Tesla made its ambition for world domination known when it announced its intention to build a factory in China. The move makes sense — China is the world’s largest automotive market. But it might be shortsighted.
By continuing to go after the higher tiers of an established market, Tesla will engage in a zero-sum game for market share instead of forging a new market of unparalleled size. Competition will be fierce as incumbents, like BMW and Audi, which are determined to hold on to their more profitable customers, respond in kind.
Instead, the larger opportunity for any automaker is to grow the overall market by way of disruptive innovation — and not in the Silicon-Valley-hype sense of the term. The architect of disruptive innovation, Harvard Business School Professor Clayton Christensen, explains that disruption happens at the low end of the market — not the end adorned with high-tech features and flashy designs.
Disruptive innovations succeed by transforming complicated and expensive products into simple and affordable ones, thereby enabling a much larger population to benefit from the offerings. And since they, by their very nature, expand the market, they constitute a wellspring of new growth.

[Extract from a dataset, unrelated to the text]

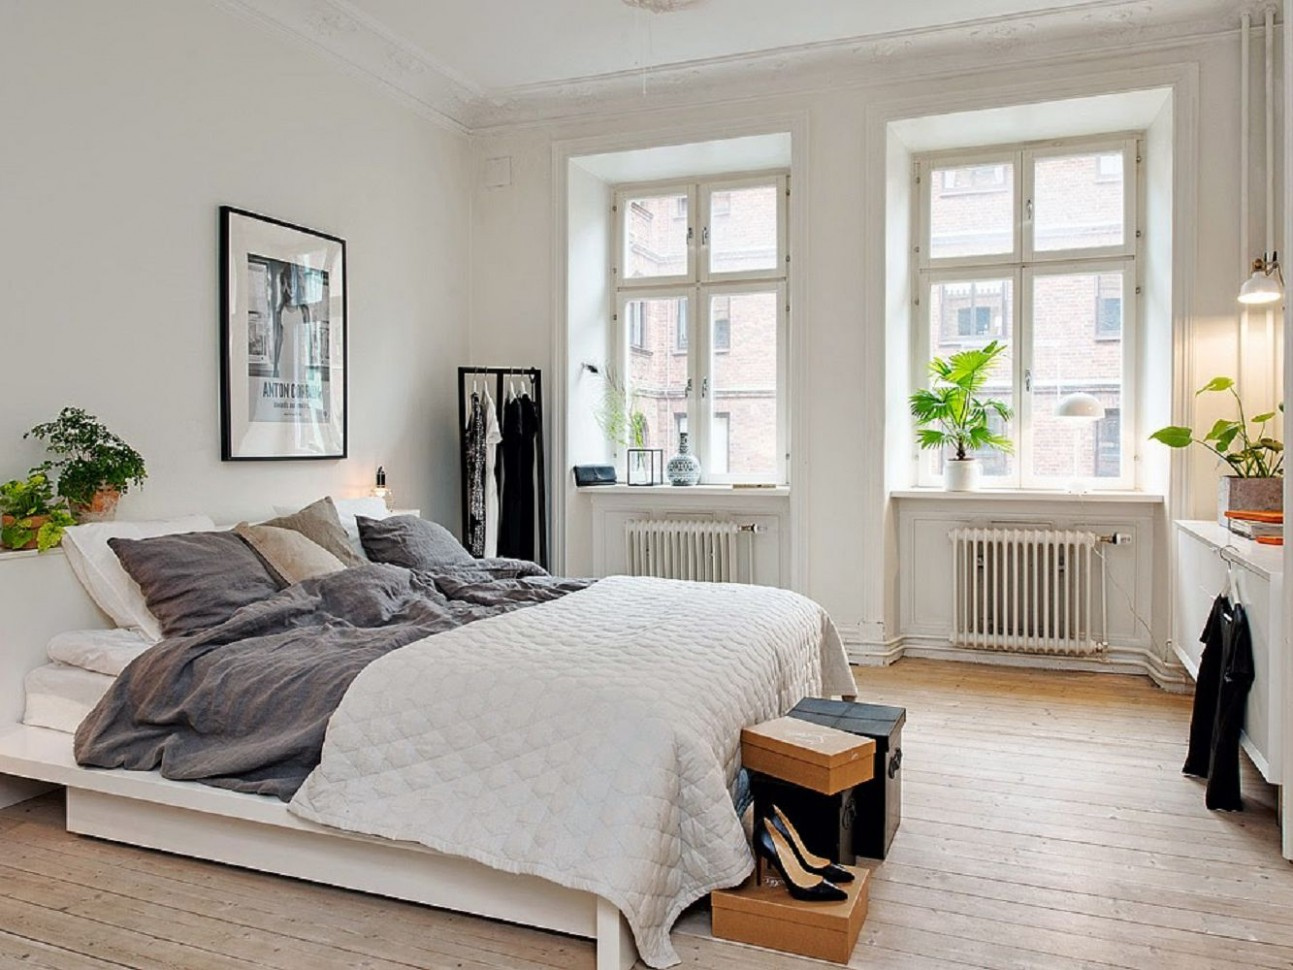 12 Scandinavian Bedroom Design Ideas - Scandinavian Apartment Decor Ideas

Rather than take a page out of the disruptive playbook, Tesla is engaging in sustaining innovation. The company plans to use the new factory to build Model 3 and Model Y cars. Assuming that Tesla continues with its current positioning, these cars, like Tesla’s other models, will enter an established market to compete along existing measures of performance, like acceleration, style and luxury.
Sustaining innovations are important in that they advance an industry, but they offer little net growth, as not all consumers are able to access them. And because sustaining innovations target an industry’s more profitable consumers, we can expect leading automakers to fight tooth and nail to retain their core customers. Alternatively, a disruptive strategy offers a much easier way to tap into the Chinese market — and it’s already happening right under the noses of Tesla and other leading automakers.
Disruption happens at the low end of the market.
Chinese manufacturers of low-speed electric vehicles (LSEVs) — small vehicles that typically top out around 45 mph, have a limited driving range, and sell for as little as $2,000 — are creating a market where none existed, by primarily selling cars to people in rural China who have never owned one. We call these customers nonconsumers of cars. The measures of performance that matter most to nonconsumers aren’t speed, style or comfort, but rather affordability, accessibility and simplicity. So, as long as LSEVs meet these criteria, nonconsumers will generally be willing to buy them. After all, having a car that can’t travel very far or very fast is much better than the alternatives: bicycles, motorcycles or farm vehicles.
By targeting nonconsumers, LSEV manufacturers have steered clear of direct competition with incumbent automakers — who have at their disposal far more resources, such as capital, factories and relationships with suppliers — and effectively established a foothold that allows them to steadily move upmarket.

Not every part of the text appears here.